Calls for developing Miller Peninsula State Park (MPSP) because “we need more camping” are short-sighted.
Every state has signup lists for camping; it isn’t unique to Washington.
Does this mean we should destroy the last swath of public land of this type on the Olympic Peninsula?
Using loss of camping spots at Sequim Bay State Park to justify developing MPSP is a red herring.
Parks’ internal discussions for Sequim Bay improvements show they are choosing to eliminate existing camping spots to create a large fenced dog area, sleeping huts, two paved parking areas and concessions area.
Plus, Parks already knows there are plans for a new, privately owned RV camping development adjacent to MPSP.
How much is too much?
Instead, can we imagine a different approach to State Parks use of our public lands?

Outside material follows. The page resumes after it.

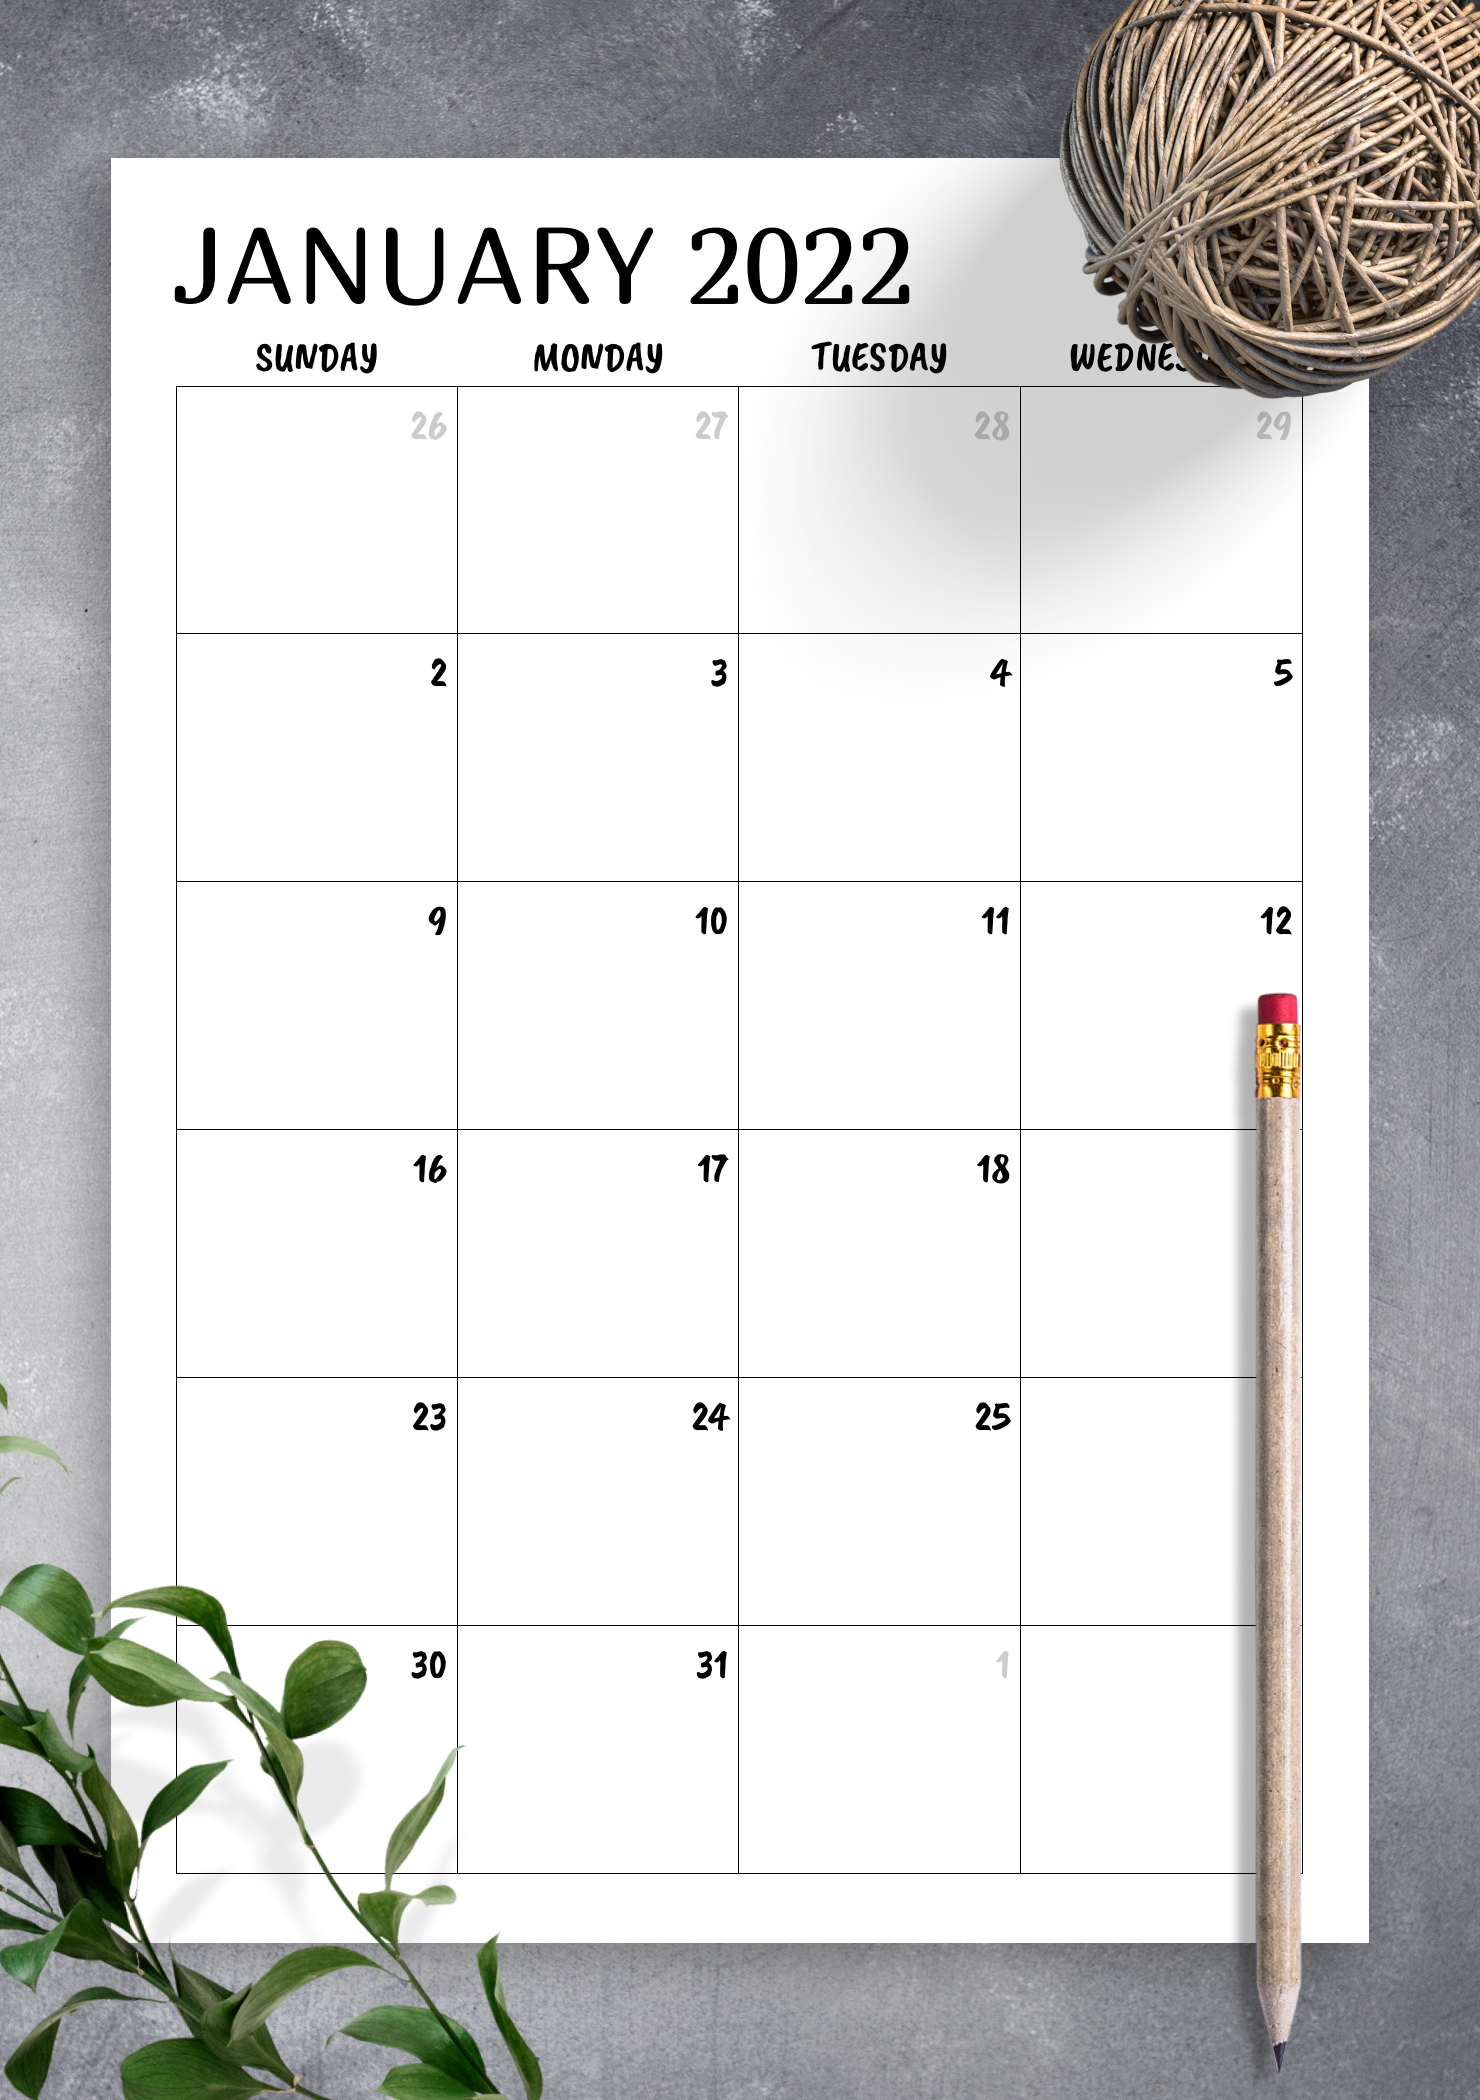 Printable Month Calendars

One that creates a 21st century, forward thinking, habitat preserving, groundwater saving, responsible shoreline management, species protecting, education promoting, 3,000-acre intact forest, wetlands and plant ecosystem, day use park at MPSP?
Let’s take a moment to ask, why do people choose to visit the Olympic Peninsula?
Is it because it looks like every other place in the state?
Or is it because this is a beautiful, distinctive, unique area?
It seems to me these boring, unimaginative calls for accommodating “we need more camping” are reminiscent of the wonderful idea to create strip malls in every town “because people want them.”
I suggest Parks start including location, location, location into its planning policies.